- Active: September 1, 1864 - June 28, 1865
- Allegiance: Union
- Branch: Union Army
- Type: Infantry
- Engagements: American Civil War

Commanders
- Notable commanders: William Forbes

= 42nd Missouri Infantry Regiment =

Regiment in the Union Army during the American Civil War

The 42nd Missouri Infantry Regiment was an infantry regiment that served in the Union Army during the American Civil War.

== Service ==

The 42nd Missouri Infantry Regiment was organized at Macon, Missouri in September 1864, attached to the District of Northern Missouri in the Department of Missouri. It was transferred to Tullahoma, Tennessee in the Department of the Cumberland in December, and was assigned as an unattached unit to the 4th Division of XX Corps in February 1865; the regiment would spend the rest of its service there with the Department of the Cumberland. After being assigned to the 2nd Brigade of the Defenses of the Nashville & Chattanooga Railroad in March, the regiment and its brigade became part of the 1st Sub-District of the District of Middle Tennessee in April. During March, the regiment moved to Shelbyville for garrison duty, and Companies H, I, and K were mustered out on 22 March. The remainder of the regiment was moved to Nashville on 23 June and mustered out there on June 28, 1865, having lost six enlisted men killed or mortally wounded and 124 to disease for a total of 134 casualties.

== Detailed Service ==

The organization of this regiment was commenced early in Aug., 1864. By the middle of September it numbered 900 men and was then for some time engaged in the guerrilla warfare in Missouri and in Price's Raid. Toward the latter part of November the command was concentrated at Benton Barracks, St.
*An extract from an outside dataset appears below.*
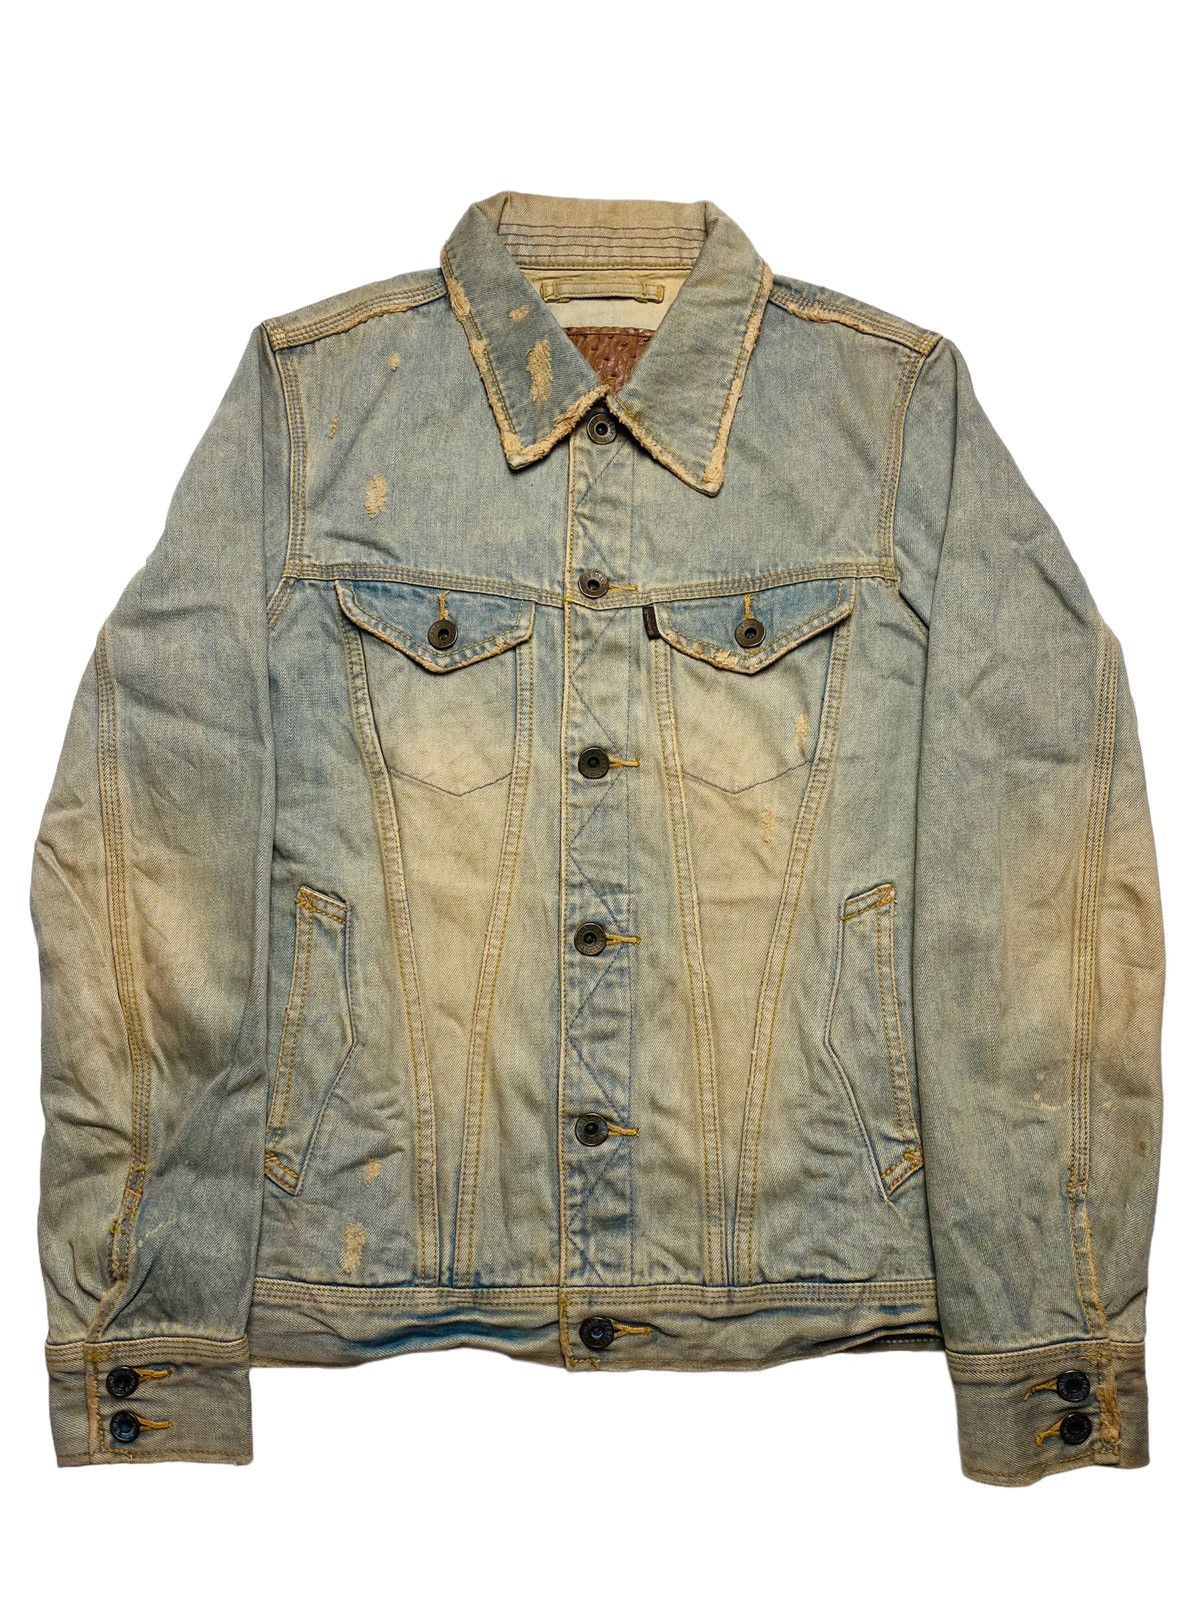 00s L.G.B. archive HDWASH DENIM jacket②古着購入後試着のみです

Louis, where the officers received their commissions and the regiment was mustered in, the last companies being mustered on the 29th. The same day the regiment embarked on transports for Paducah, where it received orders to report to Gen. George Thomas at Nashville, Tenn. Before reaching Nashville it was sent to Fort Donelson, which place was then threatened by the Confederate Gen. Hylan B. Lyon, and remained there until Dec. 30, losing 150 men by small-pox, measles and incidental camp diseases. On the 31st the regiment arrived at Nashville and reported to Gen. Thomas, who sent it to garrison the post at Tullahoma, and there it remained until mustered out. Three companies were mustered out on March 22, and the remainder on June 28, 1865.